(Beginning of DATA TO EXAMINE)
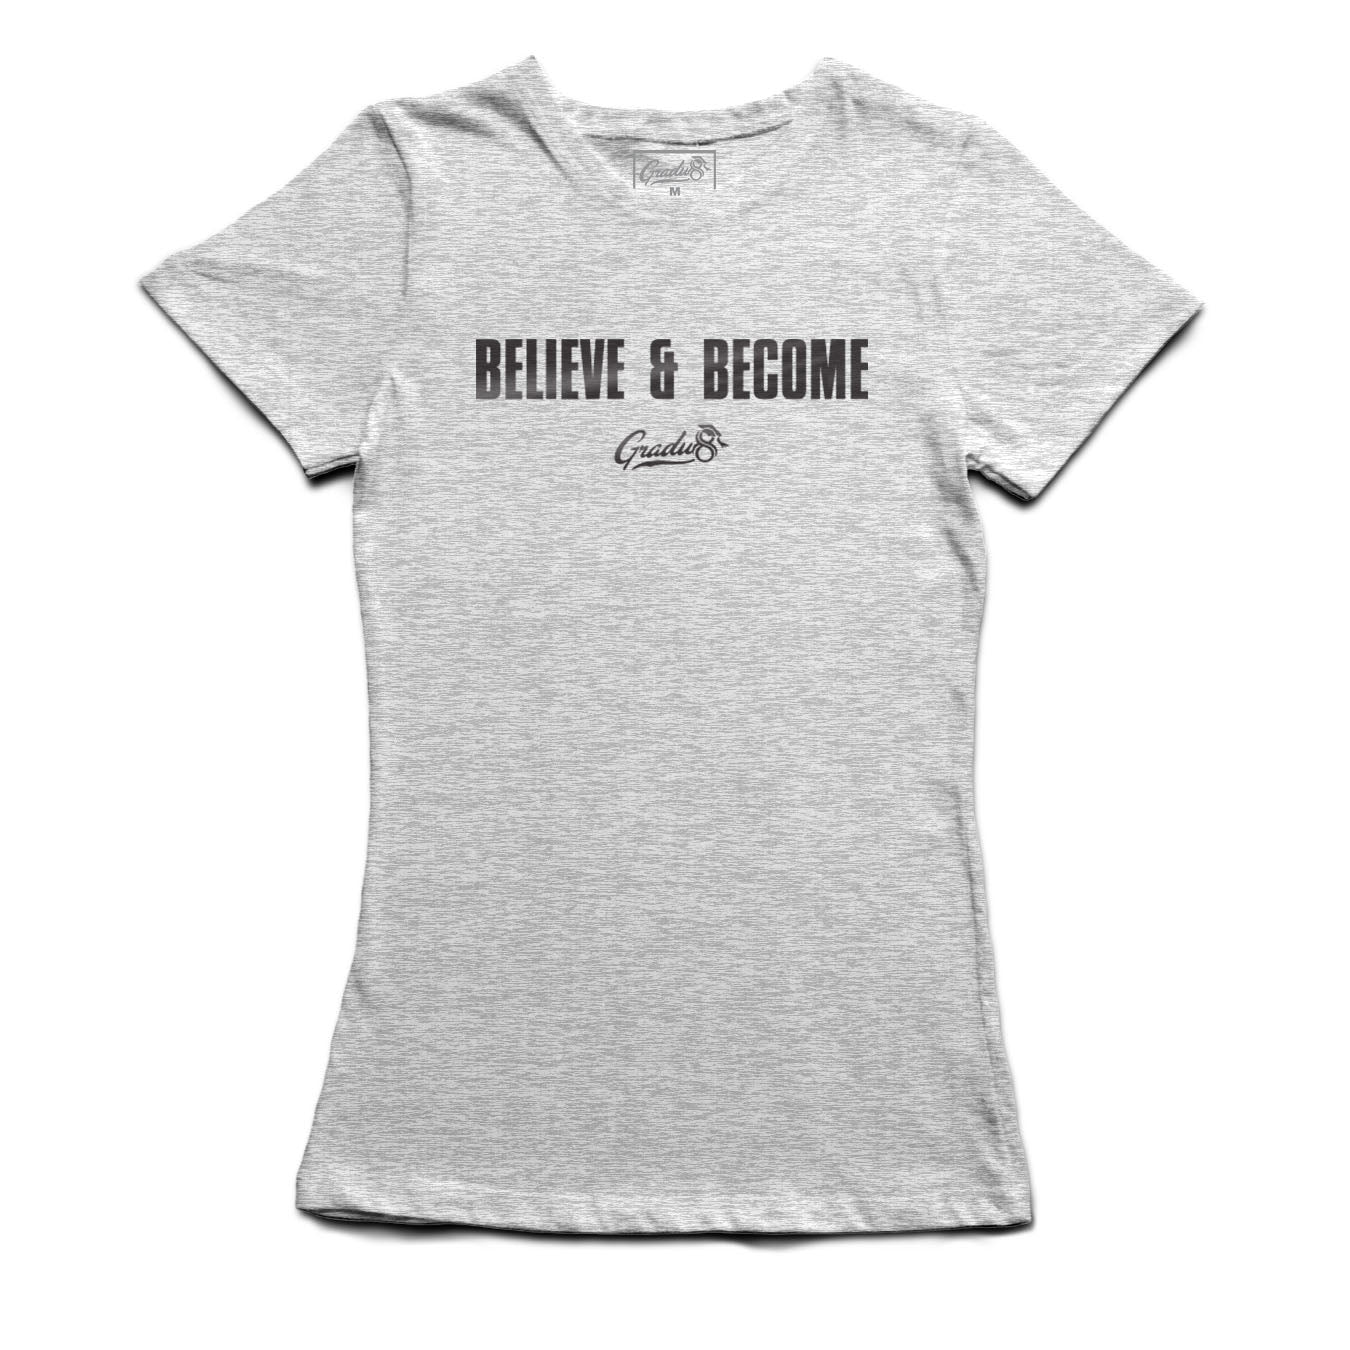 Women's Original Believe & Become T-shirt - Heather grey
(End of DATA TO EXAMINE)
(Beginning of DATA TO EXAMINE)
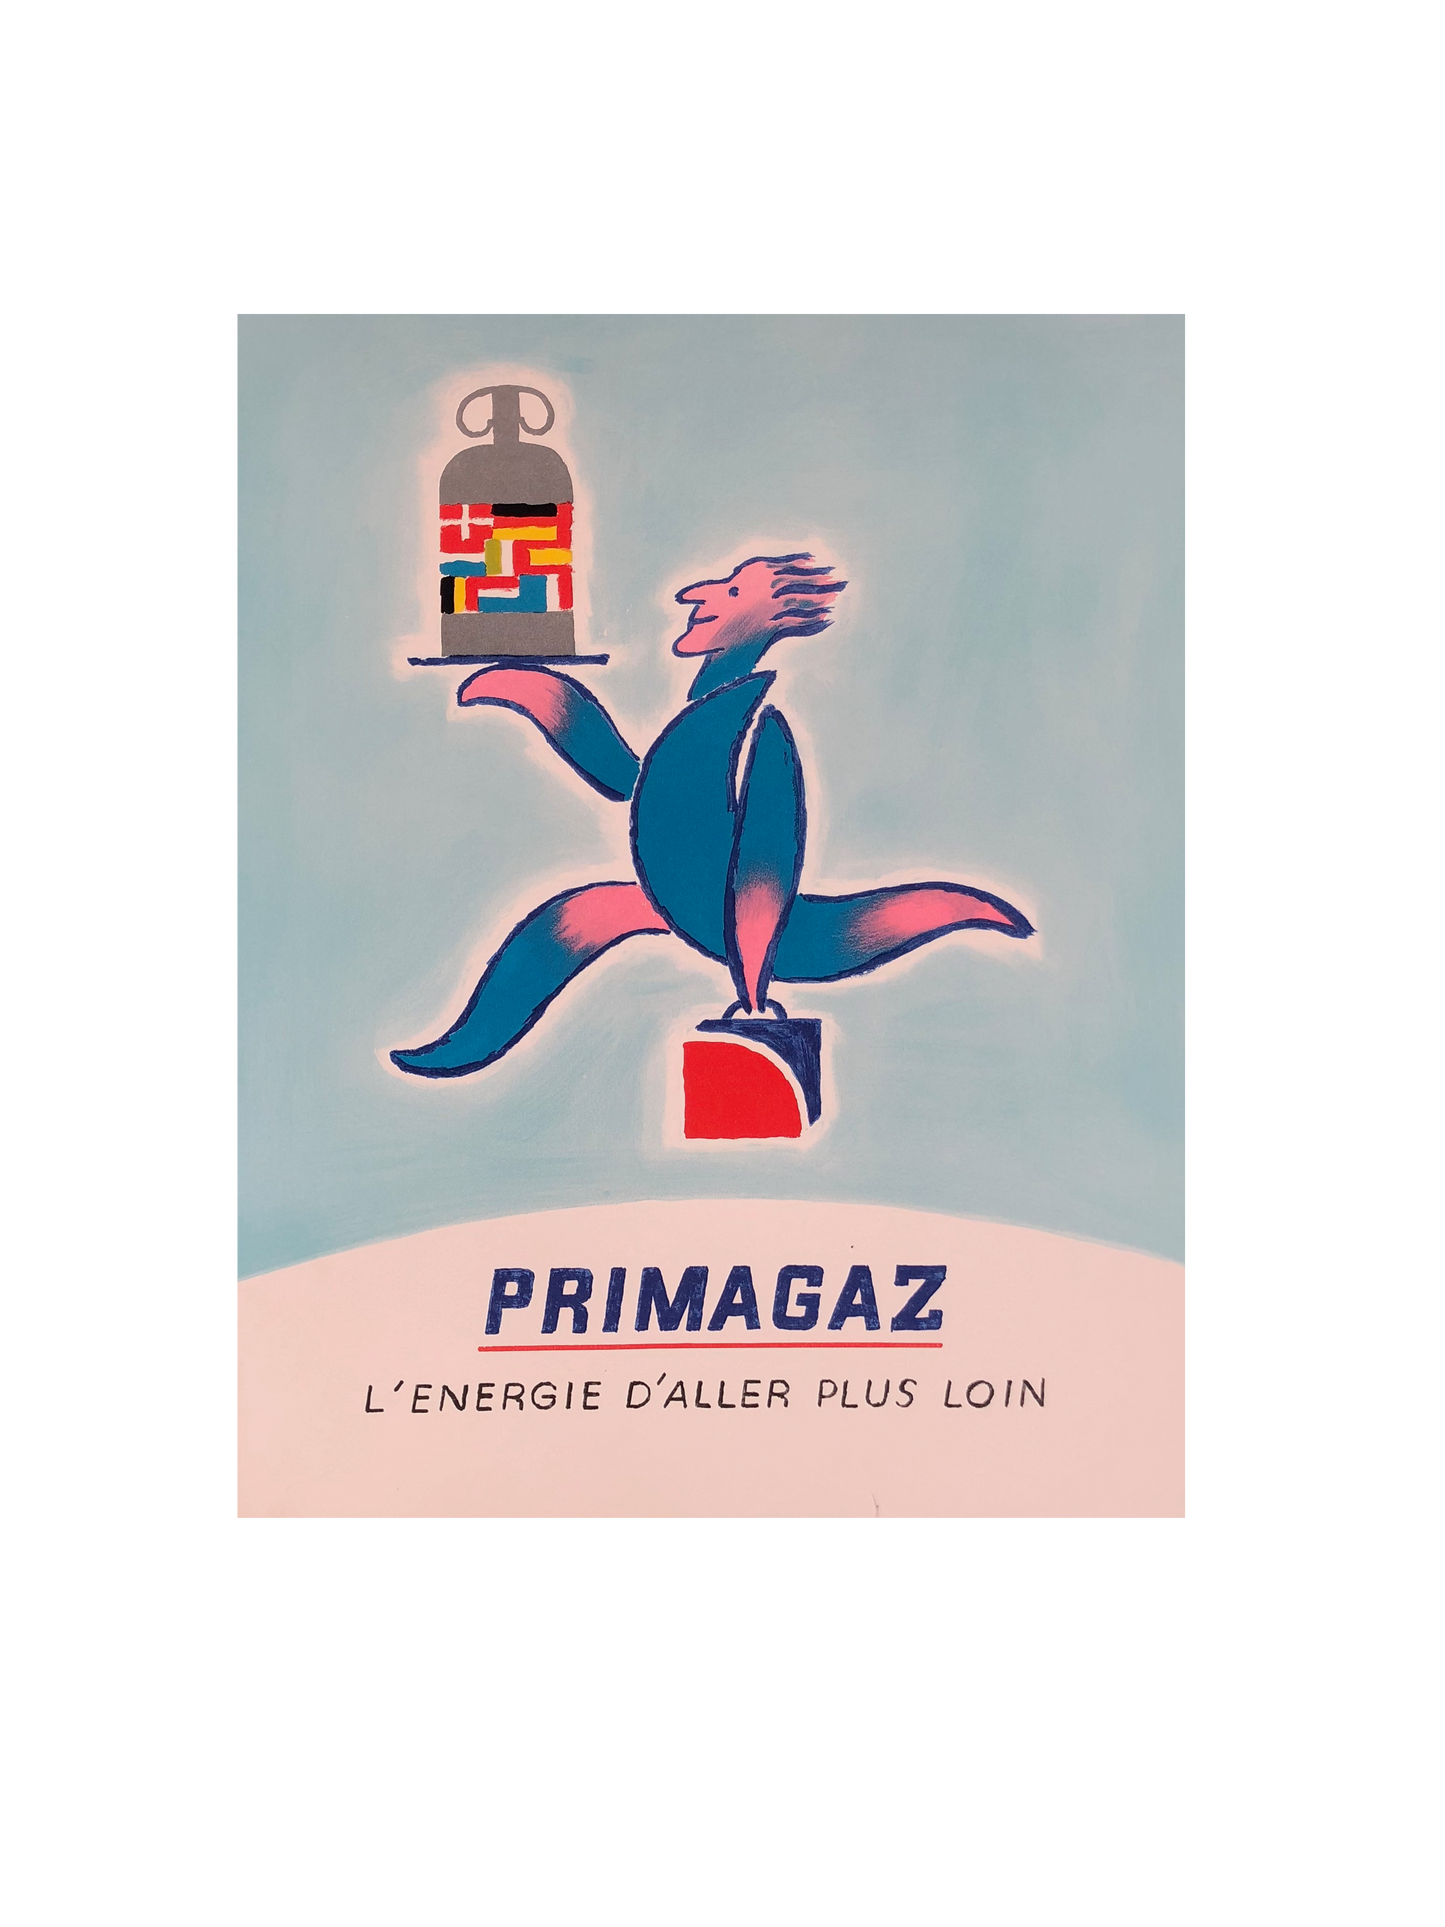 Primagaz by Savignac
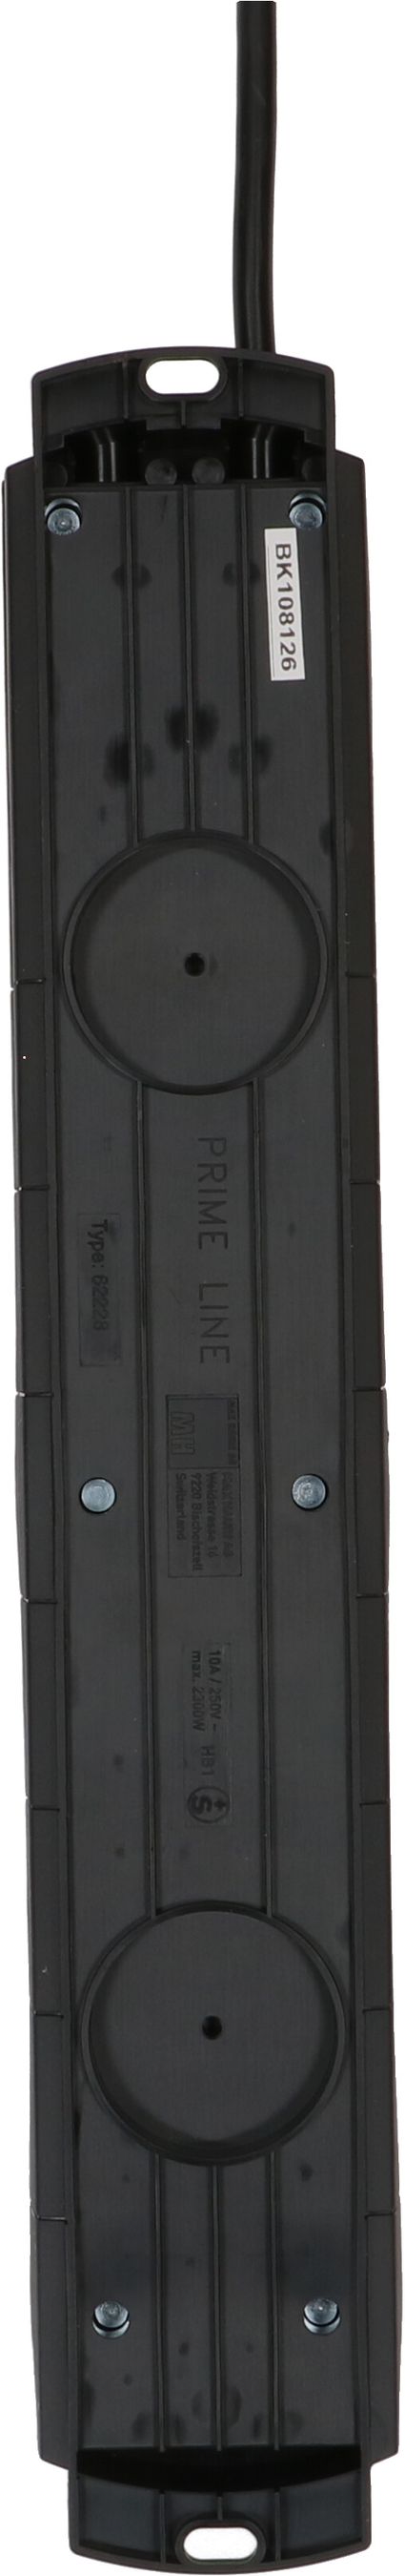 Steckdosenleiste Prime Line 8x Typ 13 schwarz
(End of DATA TO EXAMINE)
- TASK TO CARRY OUT: Line for line, output the entries above from the line with "Primagaz by Savignac" to the line with "Steckdosenleiste Prime Line", both included, and nothing more. Skip pictures.

- RESPONSE TO THIS EXERCISE:
 Primagaz by Savignac
 Steckdosenleiste Prime Line 8x Typ 13 schwarz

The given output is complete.